I tried counting the number of cases where the final balls-and-urns state has repetitions (with the intention of subtracting this from the Stirling numbers) but I haven't had any luck.
Follow-up Question:
Now suppose that I have some constant $C\in\mathbb{N}$. How many ways are there to distribute $b$ balls in $u$ urns, where $b+u=C$, such that each urn has a unique and non-zero number of balls? This is basically the same problem as above, but now summing over several cases for $b$ and $u$ (specifically, all $b$ and $u$ such that $b+u=C$).
 A: The O.E.I.S  can provide an answer of sorts... Consider the formal power series in two indeterminates $x,y$:
$$ (1+xy)(1+xy^2)(1+xy^3)(1+xy^4) \cdots $$
The coefficient of $x^u y^b$ in the expansion will equal the number of ways to write
\begin{align*}
 b = n_1 + n_2 + \ldots + n_u && \text{where} && 0 < n_1 < n_2 < \cdots n_u.
\end{align*}
If you want to consider the urns distinct, you should multiply by $u!$ to account for order.
A: Let $p_u(b)$ denote the number of partitions of $b$ into $u$ nonzero parts, without the requirement that the parts be different.

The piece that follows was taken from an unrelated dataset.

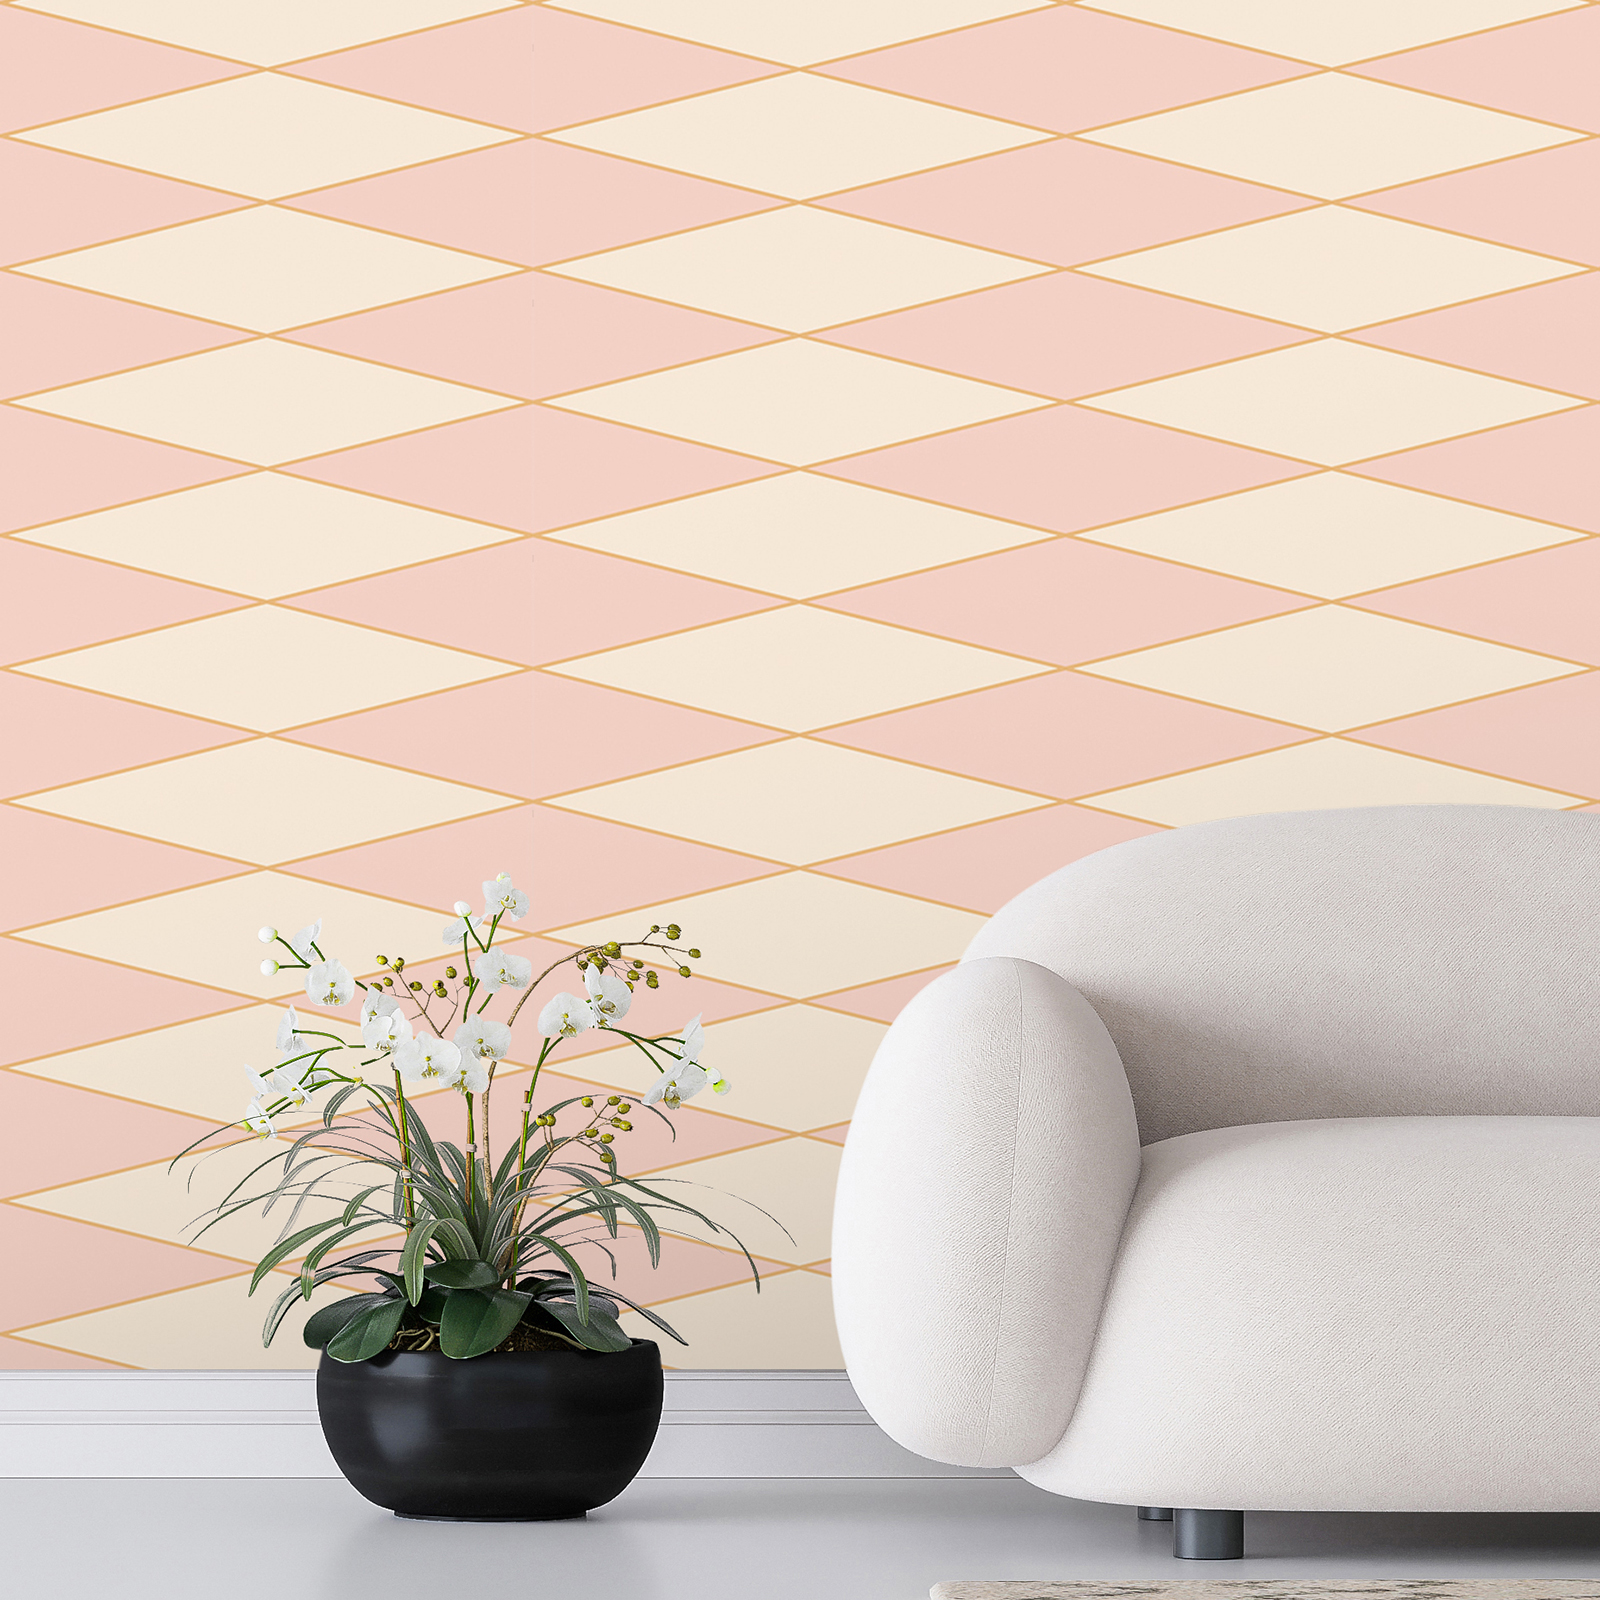 Retro 70s stijl diamant muurschildering - roze, crème, oranje | structuur non-woven

This is a well known function, counting classes of the surjections from a $b$-set to a $u$-set under permutations of both those sets. There is no closed formula for these values, but the generating series
$$
  \sum_{n\in\mathbf N}p_k(n)X^n = \frac{X^k}{(1-X)(1-X^2)\ldots(1-X^k)}
$$
that allows to compute its values easily. (The generating series more naturally counts partitions of $n$ into any number of parts each at most $k$ with at least one part of size$~k$, but by taking the conjugate partitions this translates into counting partitions into $k$ nonzero parts.) This solves the variation of your problem without the requirement that the parts (numbers of balls in each urn) be all distinct.
To accommodate for that additional requirement of distinctness, proceed as follows. Assume that $b\geq\frac{(u+1)u}2$ so that at least one solution to your problem exists (in the contrary case the answer is $0$). Now take such a solution, order the urns by (strictly) increasing number of balls, remove nothing from the first urn, one ball from the second, two balls from the third, and so forth until taking $u-1$ balls from the last urn. This removes $\binom u2$ balls in all, and leaves a solution for the problem of putting $b-\binom u2$ balls into $u$ urns without additional requirements, again distinguishing neither the balls nor the urns. Conversely given such a solution one can order the urns by weakly increasing number of balls, and then add $0,1,2,\ldots,u-1$ balls to the successive urns to find a solution to your problem. So the problems have equally many solutions, and this number is
$$f(b,u)=p_u(b-\binom u2)$$
by the definition of $p_k(n)$. From the above, the generating series by$~b$ for this is
$$
 \sum_{b\geq(u+1)u/2}f(b,u)X^b = \frac{X^{(u+1)u/2}}{(1-X)(1-X^2)\ldots(1-X^u)}.
$$